Генджи поднялся и увидел мелькающие в кукурузе каски и пилотки. Не сводя с них глаз, он вставил в автомат полный диск, тщательно, как на учениях, прицелился и плавно нажал спуск.

Он видел, как санитар, придерживая тяжелую сумку на боку, пригнулся, побежал вдоль насыпи и тут же, словно наткнулся на невидимую степу, замер на мгновение и упал, неловко подвернув руку.

Генджи перехватил автомат, выпрыгнул из окопа, кинулся к санитару. Он упал с ним рядом, спросил, задыхаясь:

— Ну как ты?

И отпрянул, заглянув в его удивительно спокойное, неживое уже лицо.

В шуме и треске боя он услышал приглушенный хриплый зов:

— Санита-ар!

Генджи осторожно перевернул труп, снял сумку с тусклым красным крестом на выгоревшем брезенте и пополз к раненому.

Атака была отбита.

— Закурим, братцы, — весело сказал Рябоштан, разгоряченный боем, и, рассыпая махорку, стал скручивать папиросу.

К ним подошел лейтенант Сатыбалдыев, снял каску, вытер платком потный лоб.

— Это ты раненым помогал? — спросил он Генджи.

— Так санитара… — хотел оправдаться тот.

Лейтенант перебил его:

— Ловко это у тебя получается. Так что сумку держи при себе. Понял? Помощь раненым будешь оказывать.

Час назад Генджи обидело бы такое назначение, но после того, как он добровольно побыл санитаром, увидел устремленные на него глаза, полные доверия и надежды, приказание командира показалось ему даже почетным. В конце-концов не каждый найдет в себе смелость под огнем пробраться к человеку, которому нужна помощь…
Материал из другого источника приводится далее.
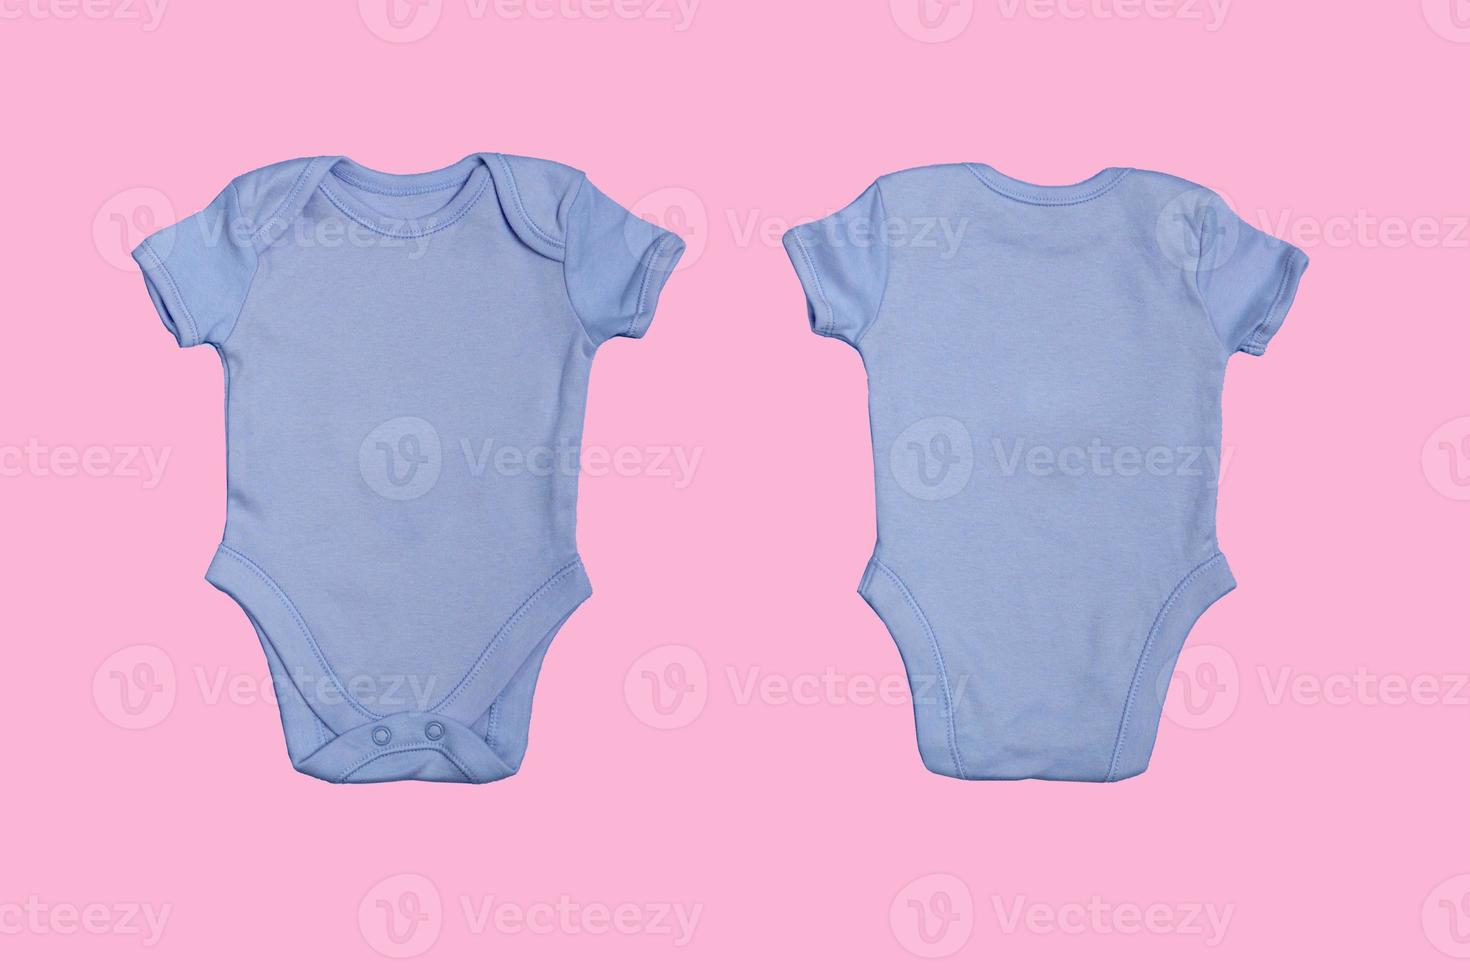 blauwe lege baby Romper sjabloon, close-up mockup op roze achtergrond. voor- en achterkant. baby bodysuit, jumpsuit voor pasgeborenen. uitzicht van boven foto

За леском в небе висел аэростат.

— Ишь, вывесили колбасу коптить, — усмехнулся Рябоштан, попыхивая самокруткой. — Жаль далеко — пуля не возьмет.

— Оттуда небось Будапешт видать, — мечтательно сказал кто-то.

Над ними кружили самолеты с черными крестами на крыльях, и солдаты, не таясь, с любопытством разглядывали их, зная, что бомбить они не станут — свои рядом.

В конце дня снова ударили минометы. И снова после шквального огня по передовой мины стали рваться где-то позади, а в кукурузе замелькали пилотки и каски поднявшихся в атаку немцев.

Генджи очнулся в полуразрушенном окопе. Он еще не знал, что обстрел прекратился, — в ушах продолжало гудеть, и голова разламывалась от нестерпимого гула и грохота. Он стряхнул с себя землю и приподнялся. Где-то в стороне длинными очередями строчил «максим», но солдаты, приникшие к стенке траншеи, не стреляли, а словно бы напряженно вслушивались во что-то.

И когда они, обрушивая сапогами края окопа, поднялись к устремились вперед, Генджи тоже, превозмогая слабость и тошноту, побежал за всеми.

«Максим» прижимал немцев, не давая им поднять даже головы, и взвод почти без потерь дошел до назначенного места и, используя пахнущие гарью воронки, занял оборону. Это была явно невыгодная позиция — немцы находились не только впереди, в кукурузном поле за противотанковым рвом, но и слева, за насыпью шоссе.

Теперь Генджи окончательно пришел в себя. «Жив, я жив — нарастало в нем радостное чувство, — и снова в бою!» Ровно и сильно билось сердце, цепко следили за всем происходящим глаза, руки сжимали автомат, а ноги — только дай приказ — готовы были снова понести его под огнем вперед. И это радостное, какое-то праздничное чувство, и сознание своей готовности все преодолеть, все вынести и сделать, что приказано, и то, что, несмотря на грохот боя и посвист пуль, он совсем не ощущает близости смерти, все это было удивительно и совсем не похоже на его представление о войне.

Генджи казалось, что в бою сразу станет виден человек — трус побледнеет и не сумеет сдержать дрожь, храбрец с горящими глазами будет идти во весь рост под пулями, предатель поднимет руки. Но он видел вокруг только напряженные, сосредоточенные, полные отчаянной решимости лица, в общем-то, совсем обыкновенные, почти такие же, как в поле, во время посевной. И сам он основательно зарывался в землю, чтобы уберечь себя от пули или осколка, и поднимался, и бежал, как только приходил приказ наступать.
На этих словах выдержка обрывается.